• _TO DO_
Within the entries below, please retype exactly the lines starting with the line that has "NYCC Art Car" and going on through the line that has "مشاهدة مباراة برشلونة", but not the pictures.

• _EXERCISE MATERIALS_
★ ★ ★ ★

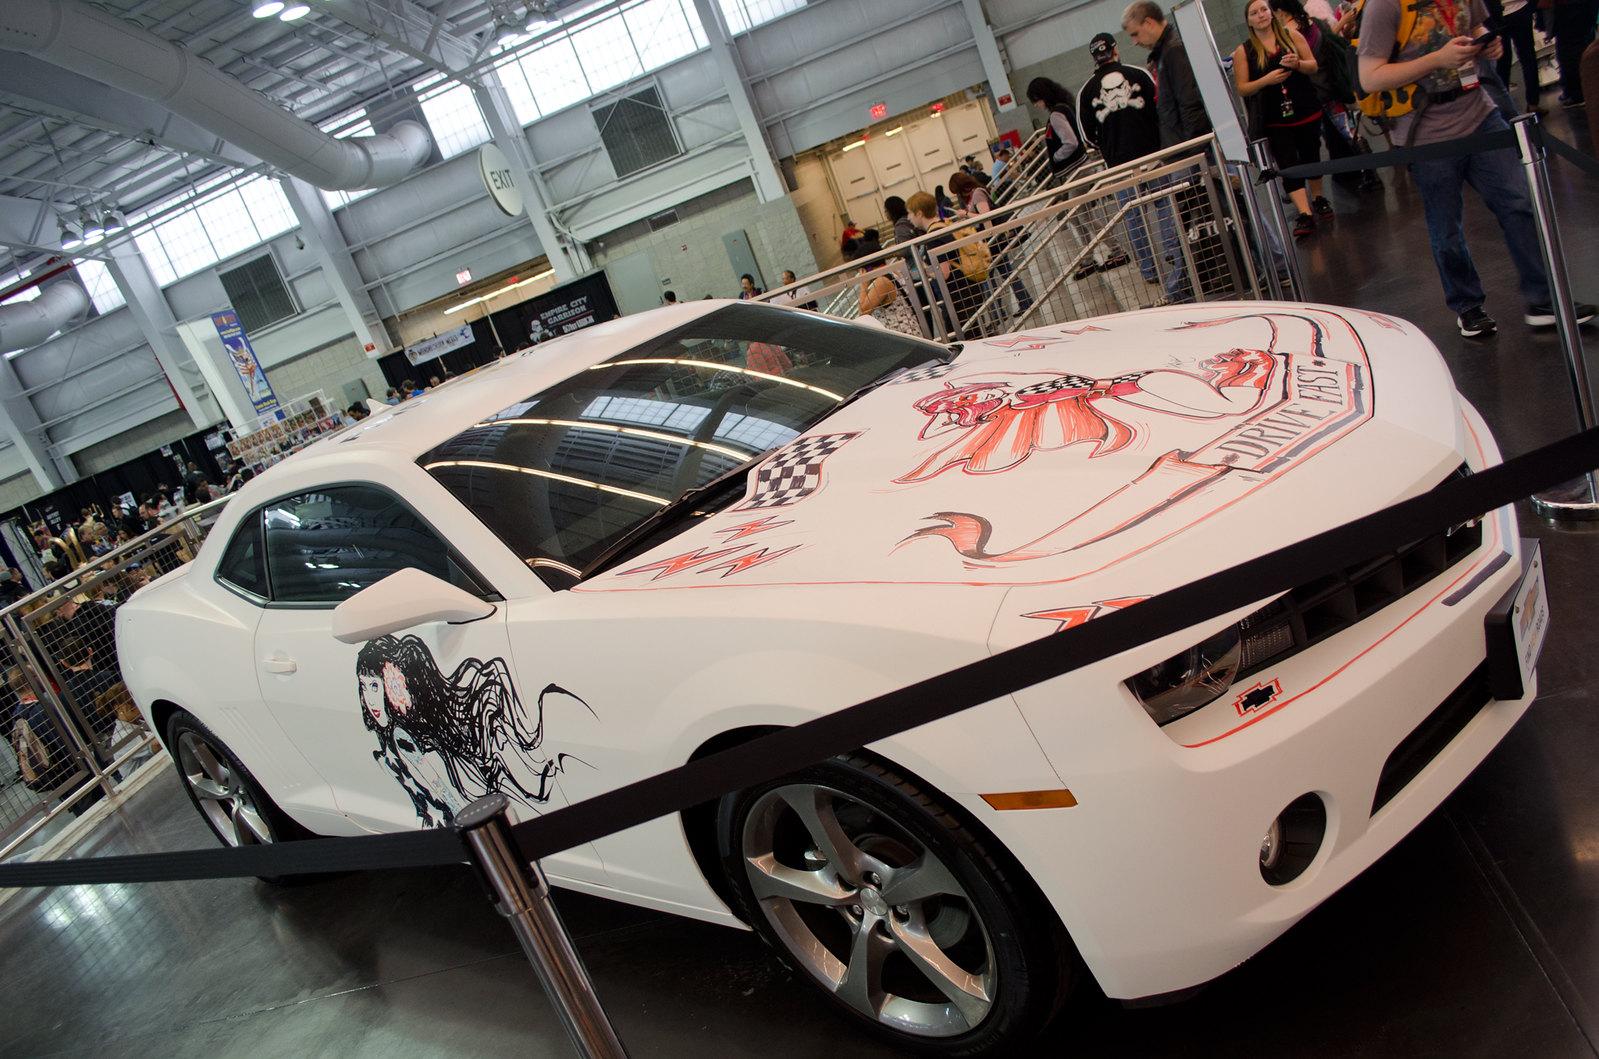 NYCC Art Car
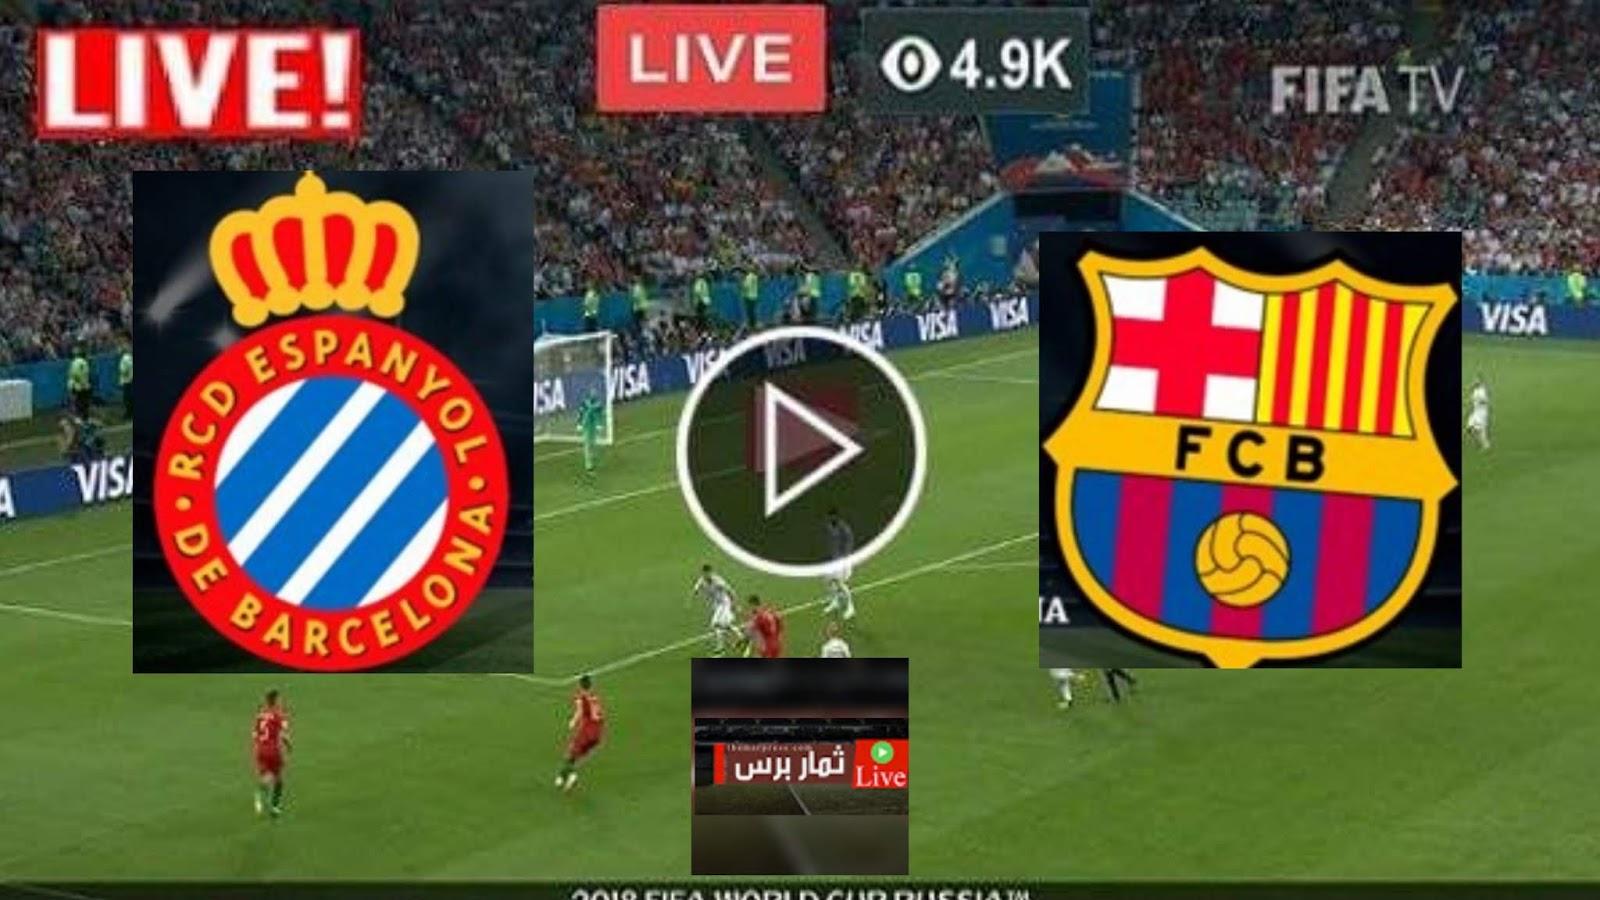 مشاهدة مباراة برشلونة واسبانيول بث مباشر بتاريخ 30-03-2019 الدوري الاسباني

★ ★ ★ ★

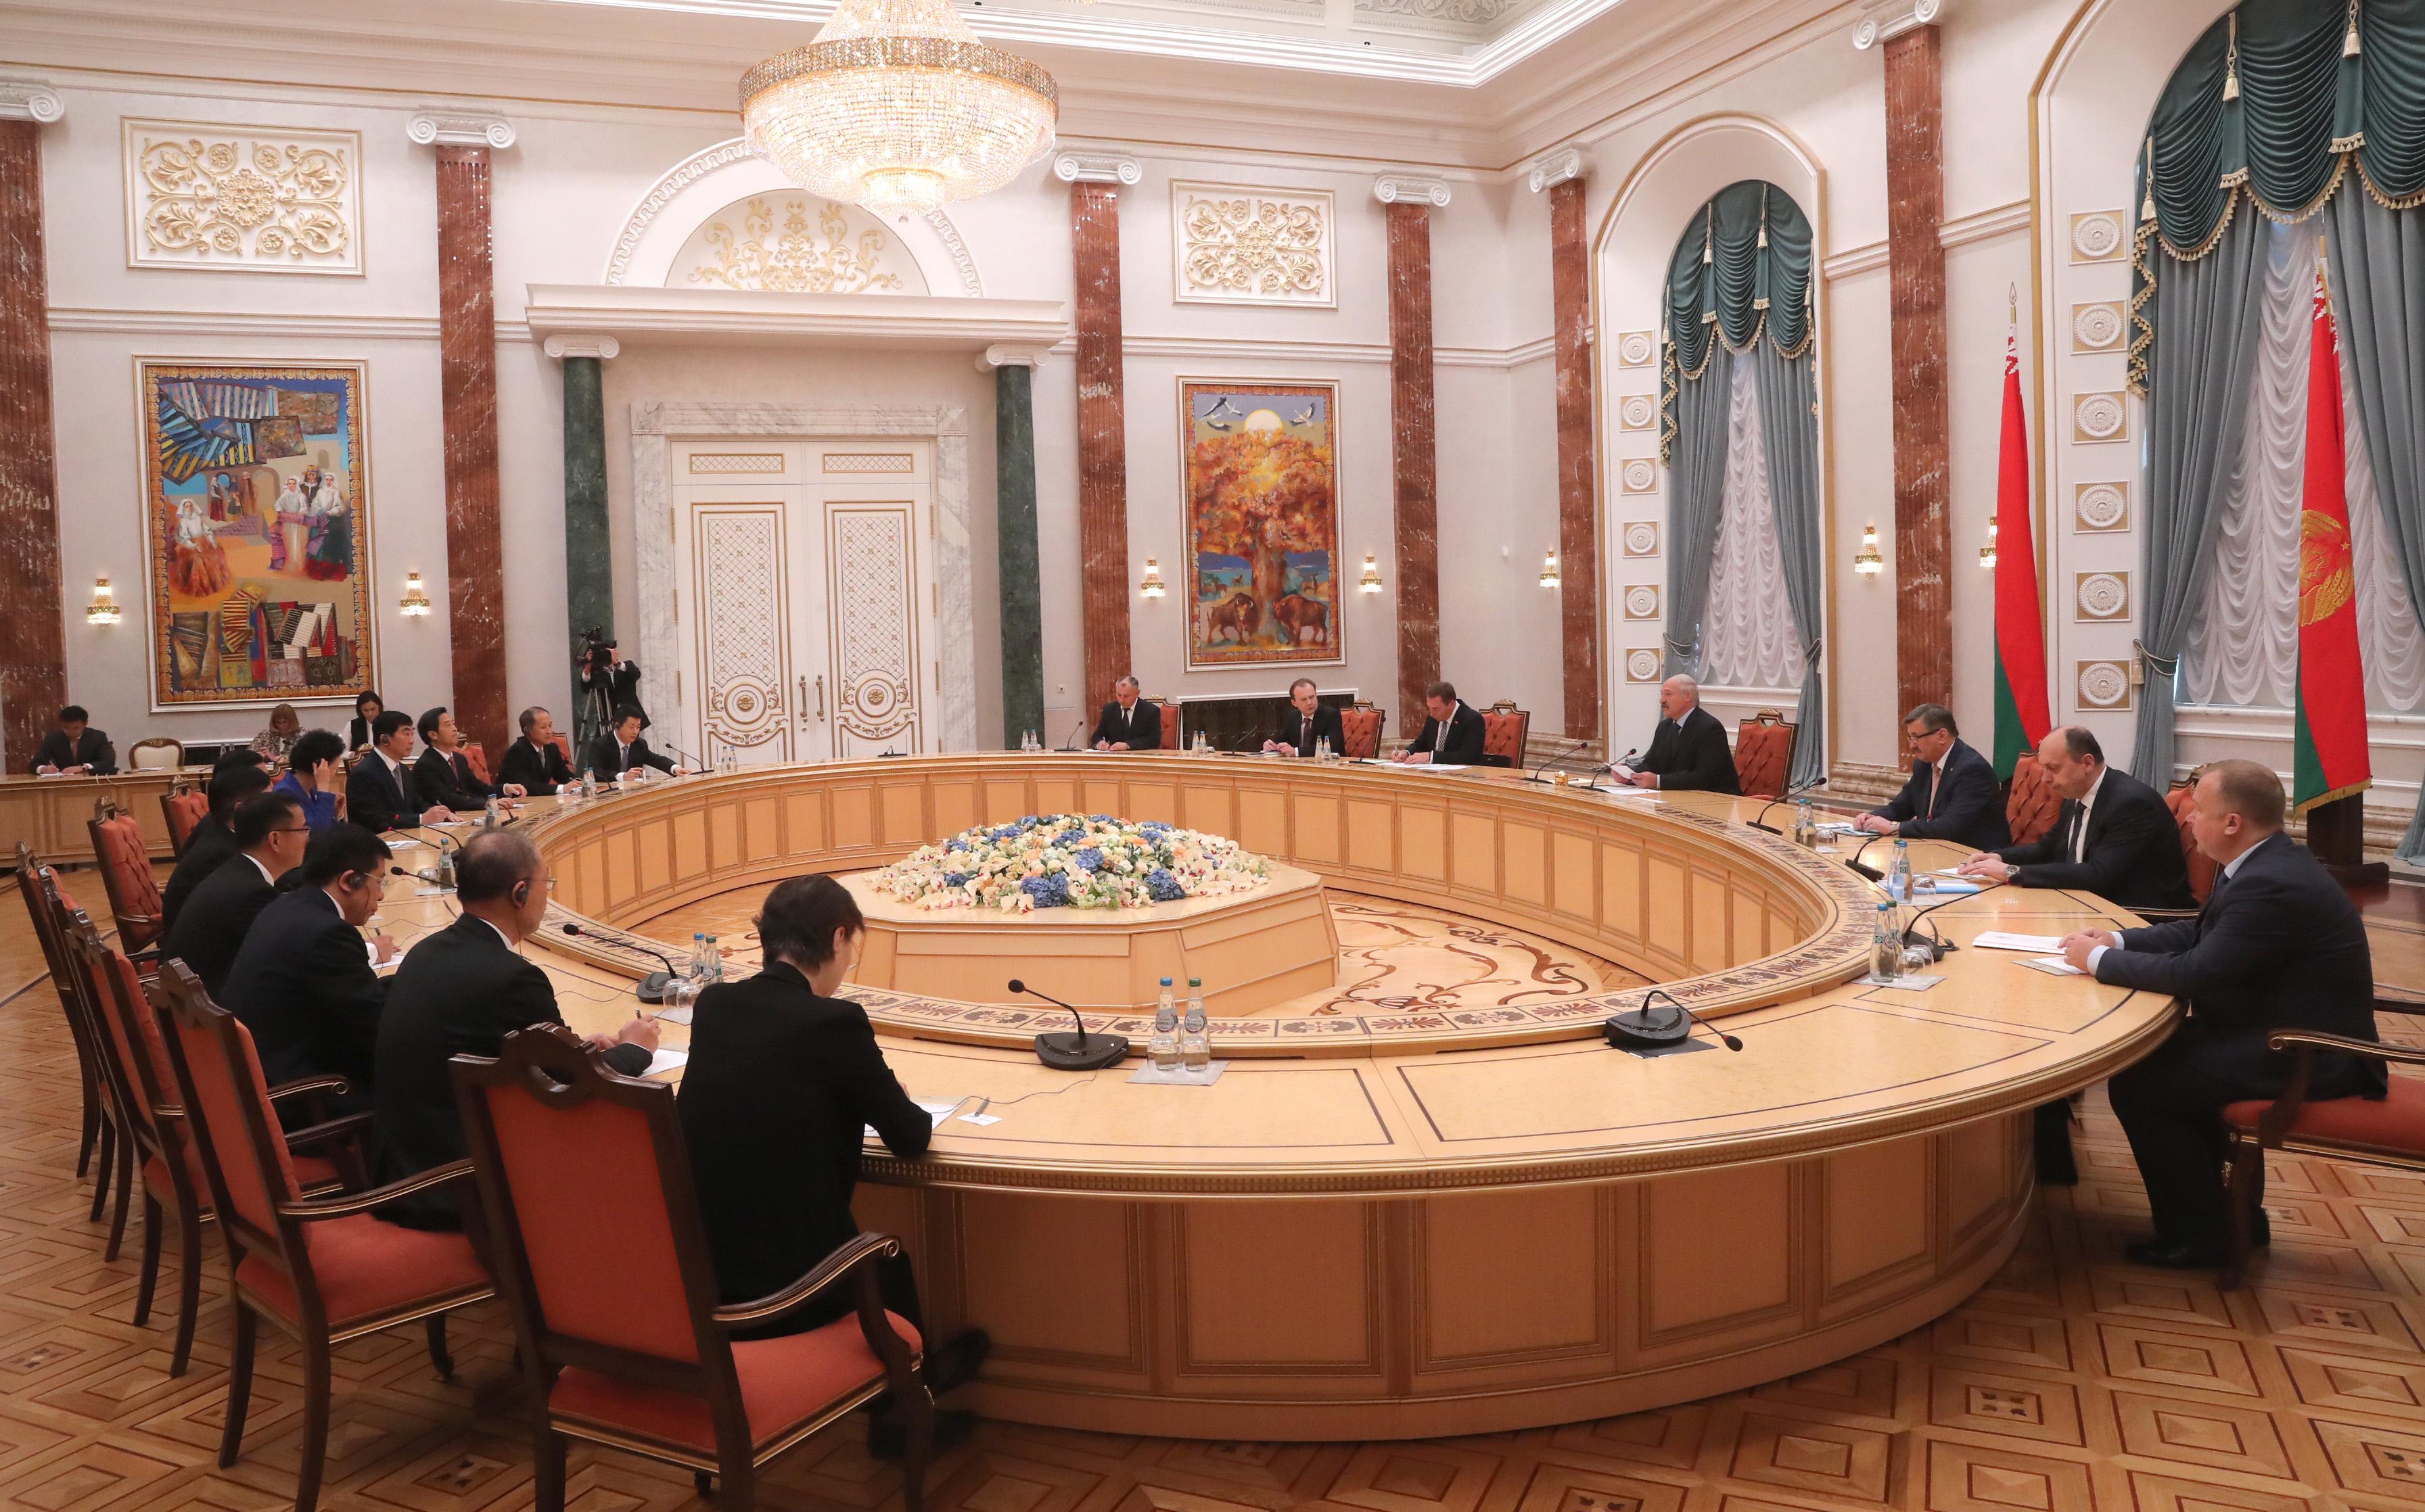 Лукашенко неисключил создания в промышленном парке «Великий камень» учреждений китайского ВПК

★ ★ ★ ★

• _ANSWER AREA_
 NYCC Art Car
 مشاهدة مباراة برشلونة واسبانيول بث مباشر بتاريخ 30-03-2019 الدوري الاسباني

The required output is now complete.